INFORMATION GIVEN
==============================
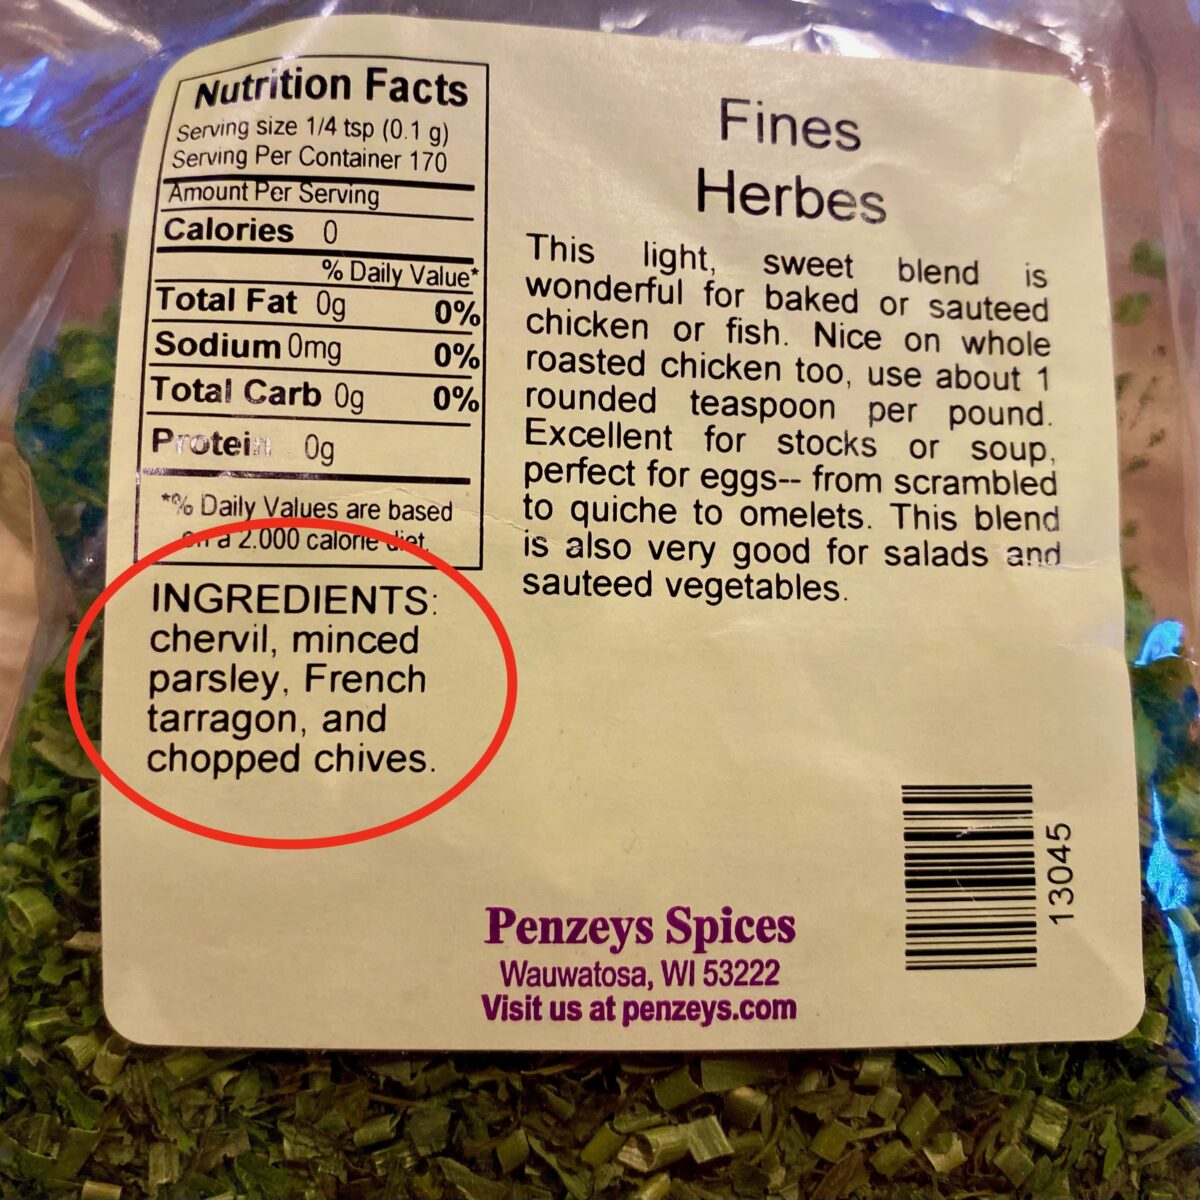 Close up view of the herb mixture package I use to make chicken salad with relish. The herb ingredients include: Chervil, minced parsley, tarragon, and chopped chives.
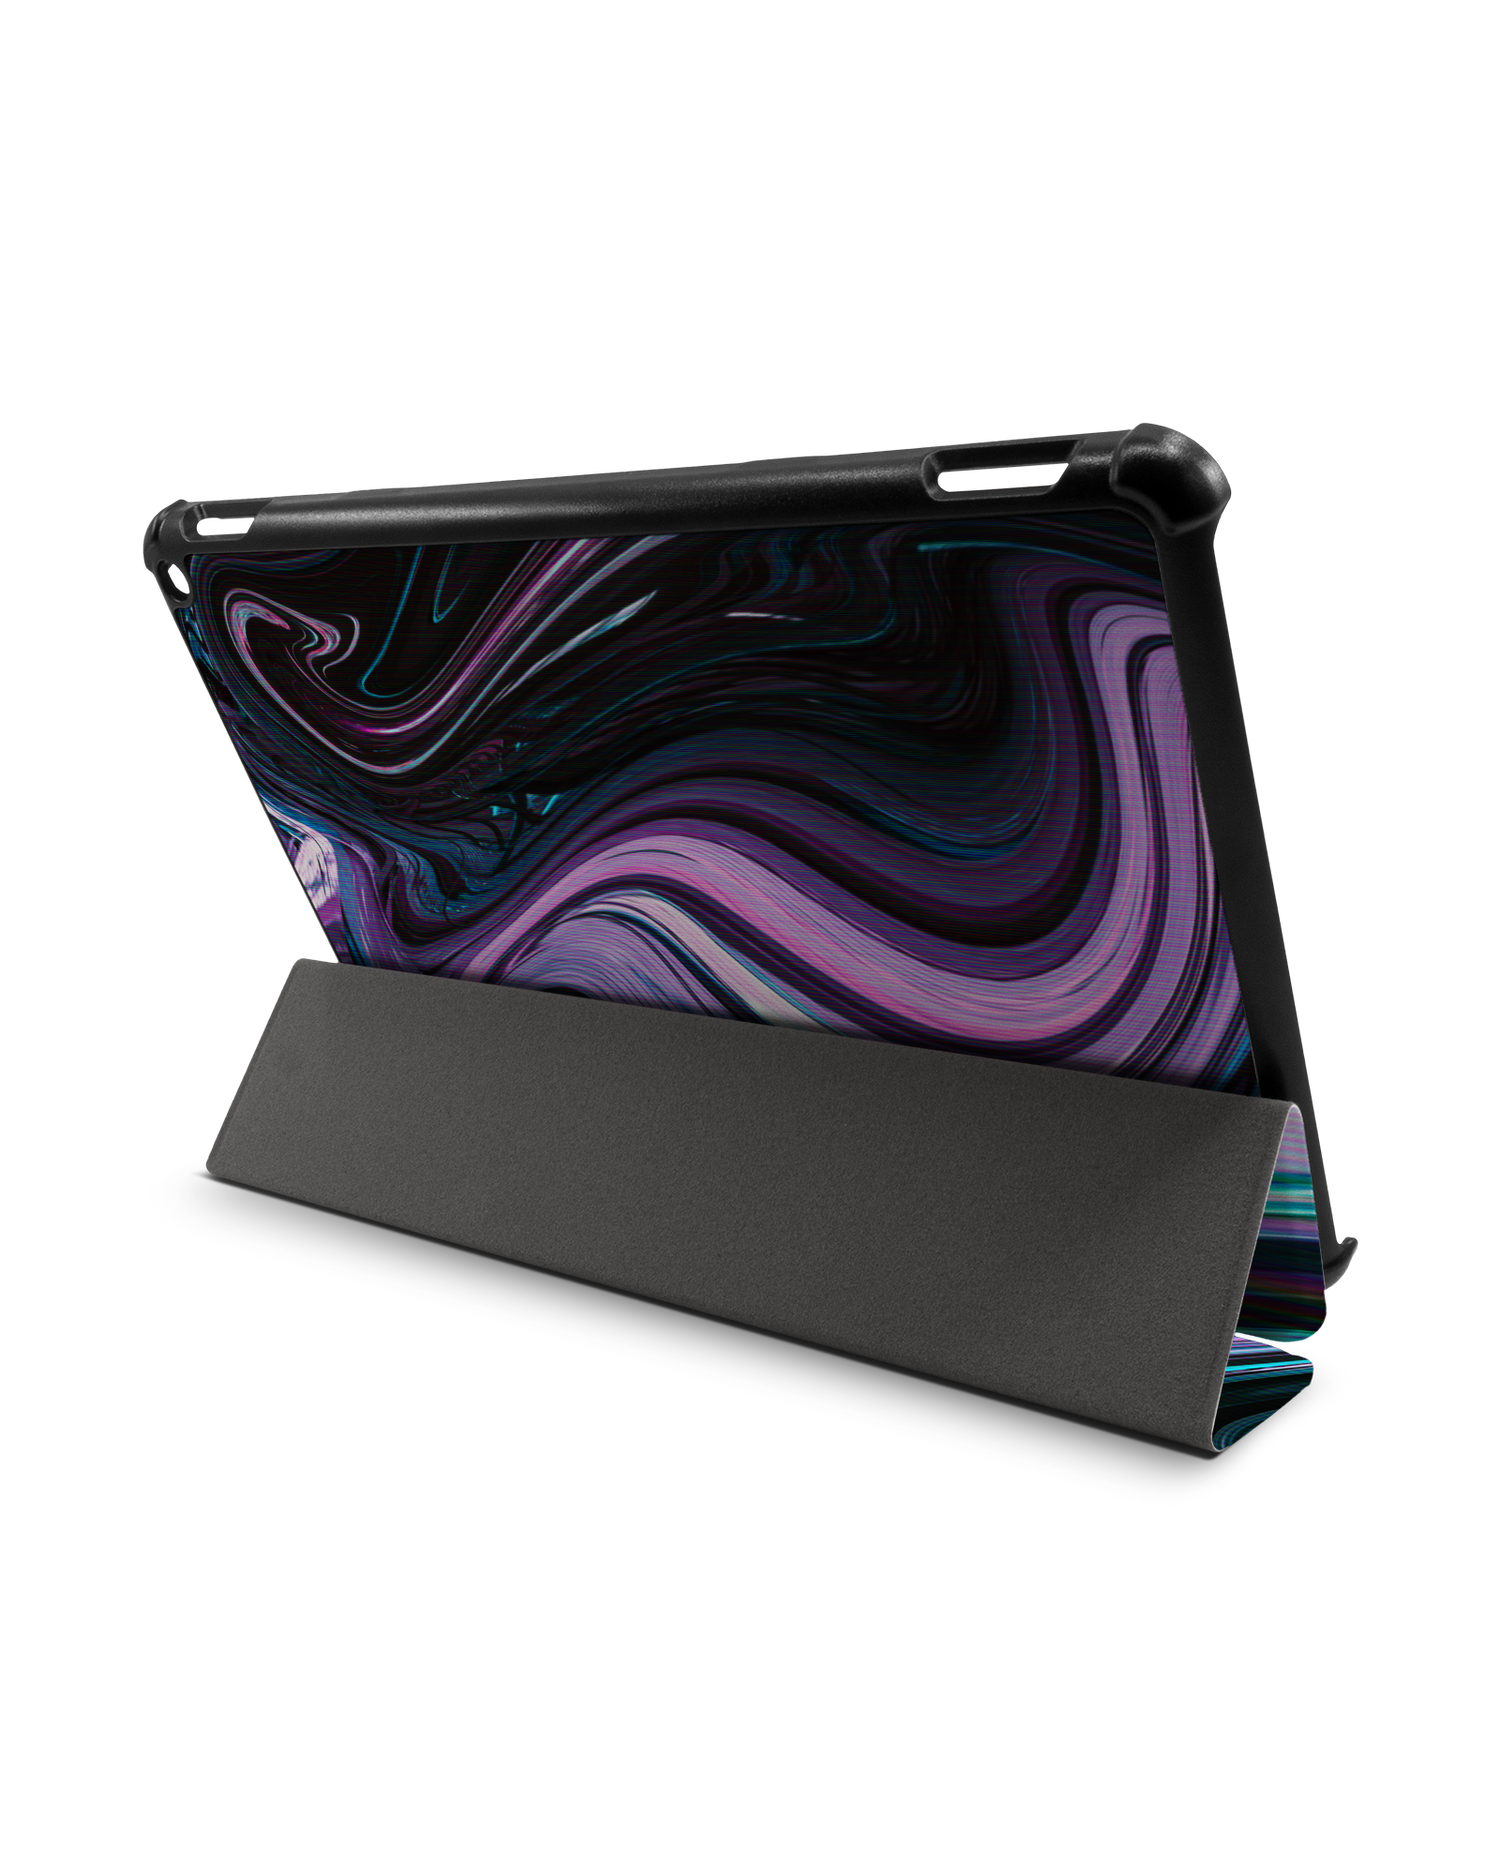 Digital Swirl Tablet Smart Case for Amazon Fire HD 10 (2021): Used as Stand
==============================
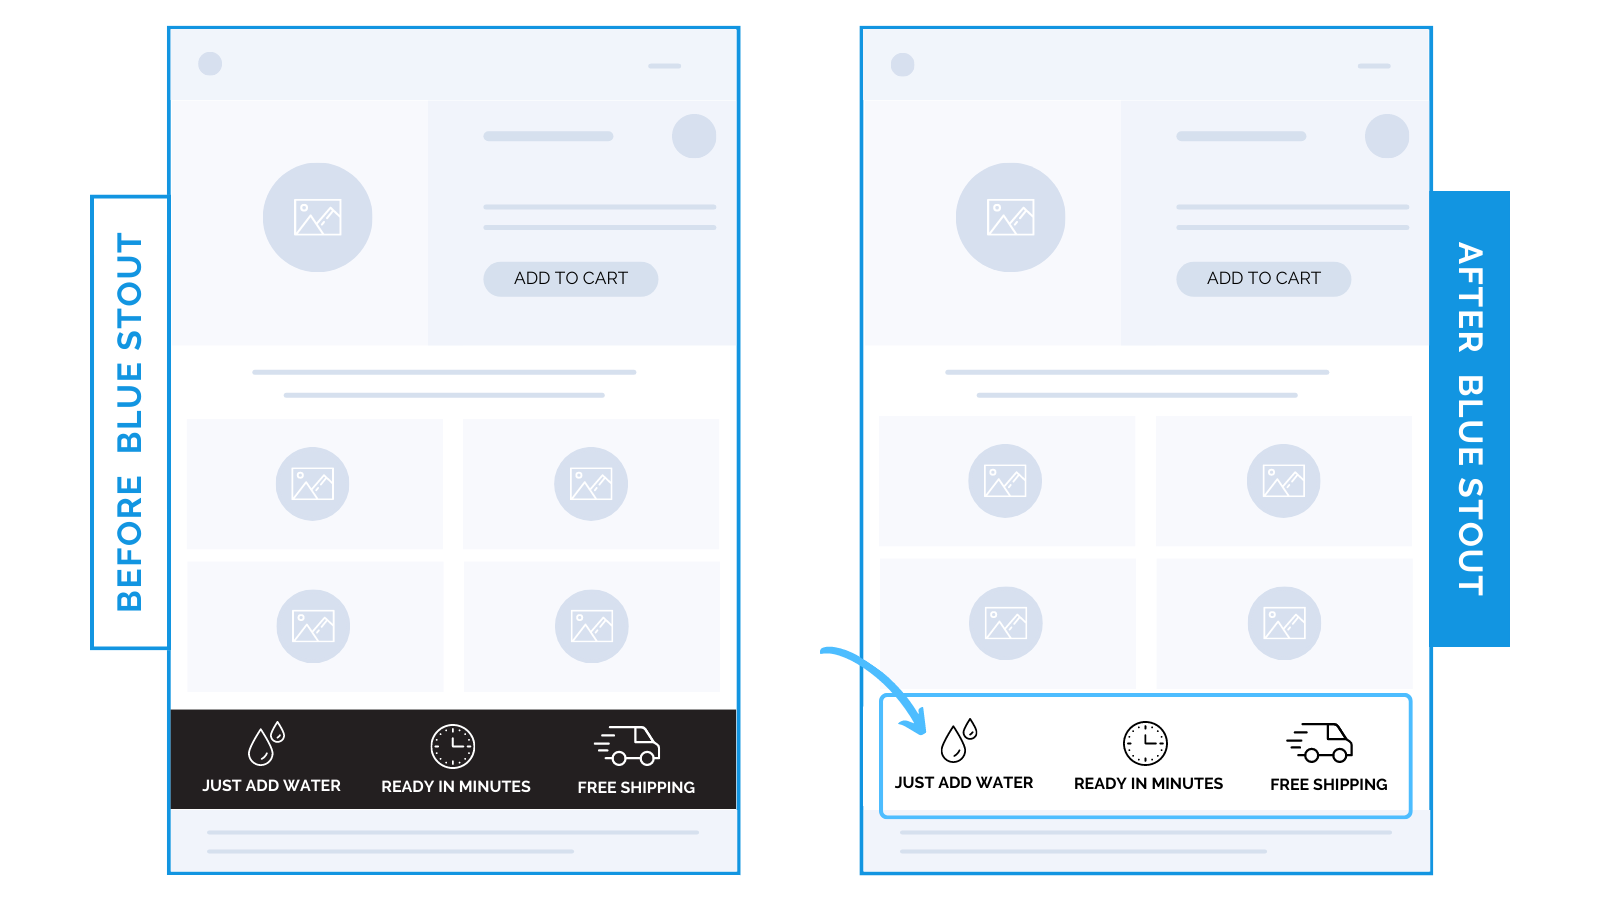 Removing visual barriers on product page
==============================
AIM OF THE EXERCISE
Using the data above, print only the lines starting at the one with "Close up view" and ending at the one with "Digital Swirl Tablet", exactly as they stand, minus the pictures.

SOLUTION
 Close up view of the herb mixture package I use to make chicken salad with relish. The herb ingredients include: Chervil, minced parsley, tarragon, and chopped chives.
 Digital Swirl Tablet Smart Case for Amazon Fire HD 10 (2021): Used as Stand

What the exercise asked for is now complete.